Mohammad Abdul Gafur (19 February 1929 – 27 September 2024) was a Bangladeshi journalist, teacher, writer and language activist of the Bengali language movement that took place in the erstwhile East Pakistan (currently Bangladesh) to make Bengali one of the state languages of Pakistan. He was one of the noted members of Tamaddun Majlish, an Islamic cultural organization which played a vital role at the start of the movement.

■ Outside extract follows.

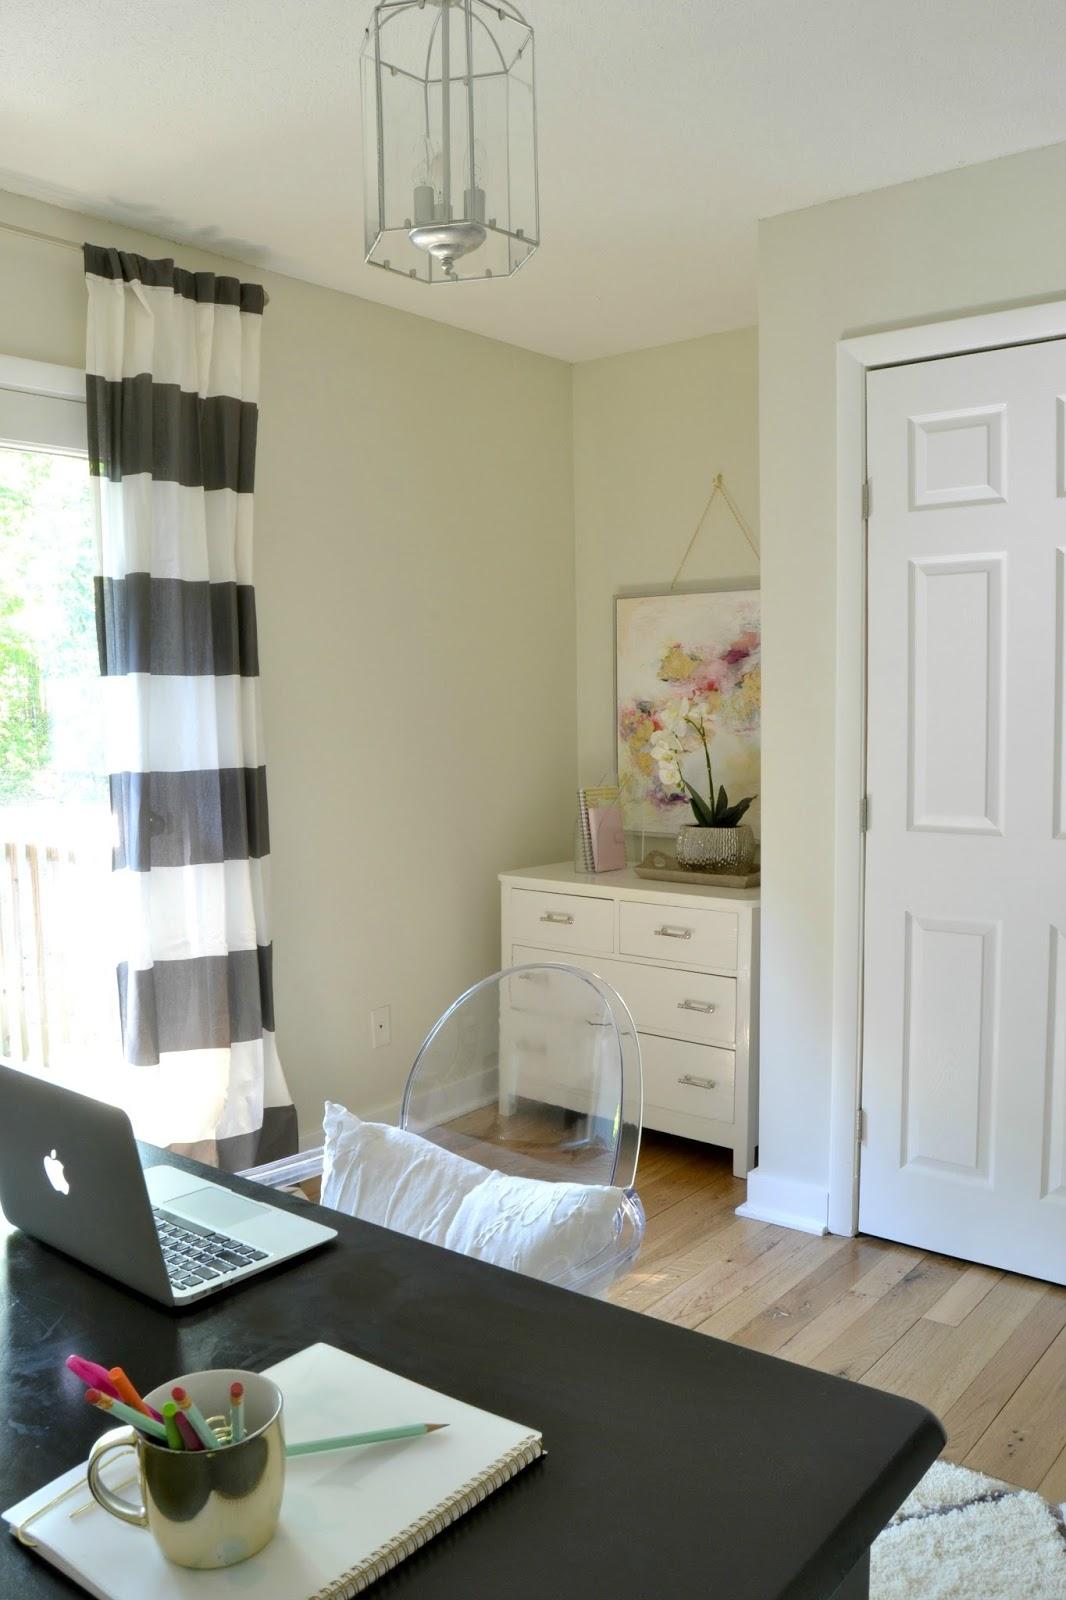 Livelovediy 10 Home Improvement Ideas How To Make The
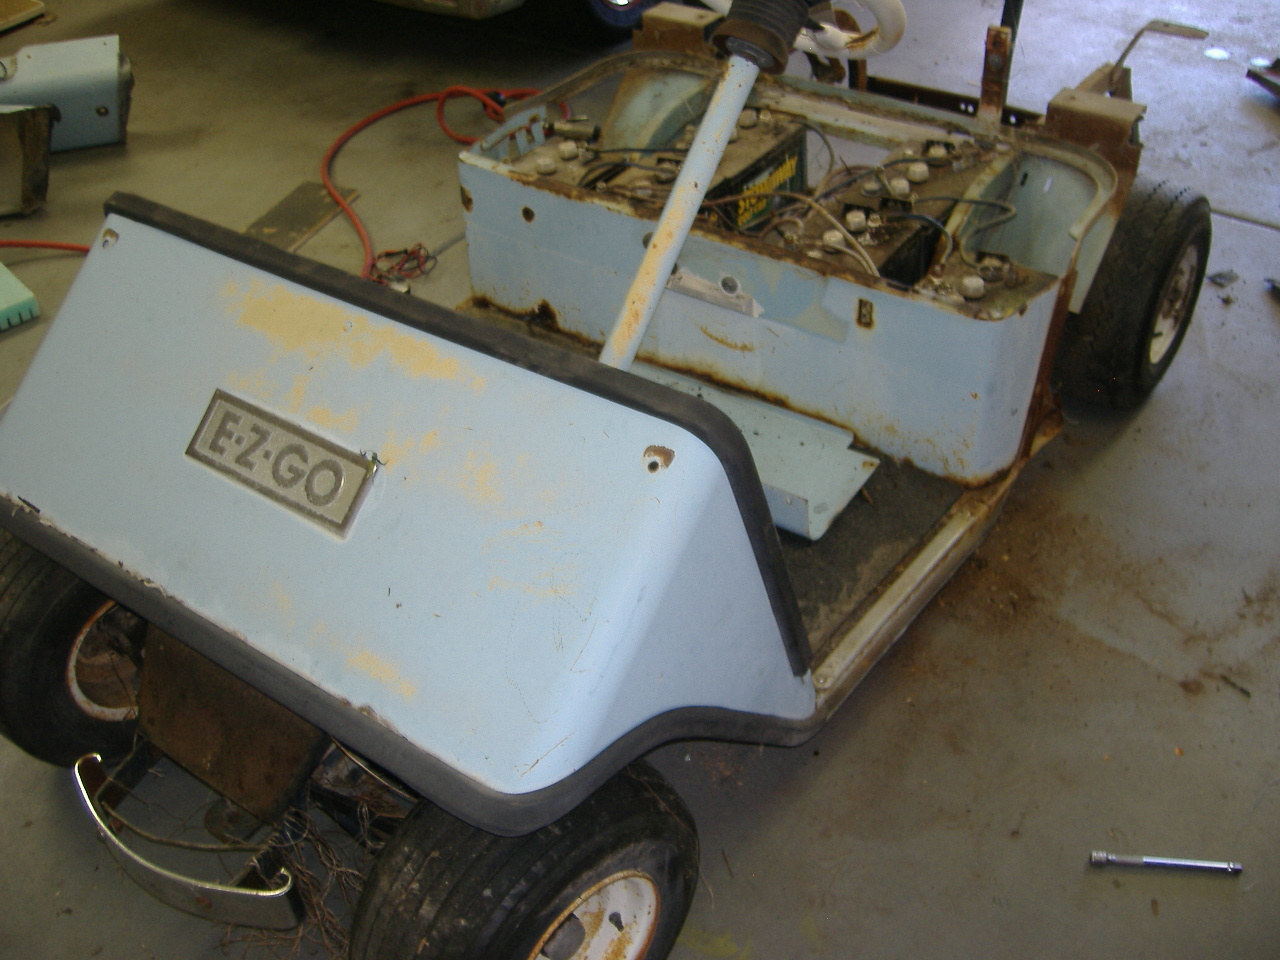 Cushman Electric Cart Troubleshootingwiring Problem Golf Vintage Ezgo Wiring Diagrams Gas Diagram For Batteries Automotive

In recognition of his contributions to the language movement, he was awarded Ekushey Padak by the Government of Bangladesh in 2005.

==Life and career==
Abdul Gafur was born on 19 February 1929 in Pangsha thana of Greater Faridpur District (now Rajbari District of Bangladesh) during the time of British Raj to Haji Habil Uddin Munshi and Shukurunnesa Khatun. He completed his secondary education in 1945 from the local Maizuddin High Madrasa and higher secondary from Kabi Nazrul Government College in 1947. Later he was admitted to the Bengali language and literature department of Dhaka University. Including him, there were only three students in his department. The other two were Nurul Islam Patwari and Momtaz Begum.

When the Language Movement started, he took part in the movement as an enthusiastic activist and this slowed down his educational life. Later, he obtained his post-graduate degree from the Social Welfare Department of the same university in 1962.

Abdul Gafur died on 27 September 2024, at the age of 95.He was a life member of Bangla Academy. He played role in organizing Nazrul Academy and also translating different books through Islamic Foundation. In his time ( of working as Research Publication Director 1979 - 1986) Islamic Foundation published many books both original and translated.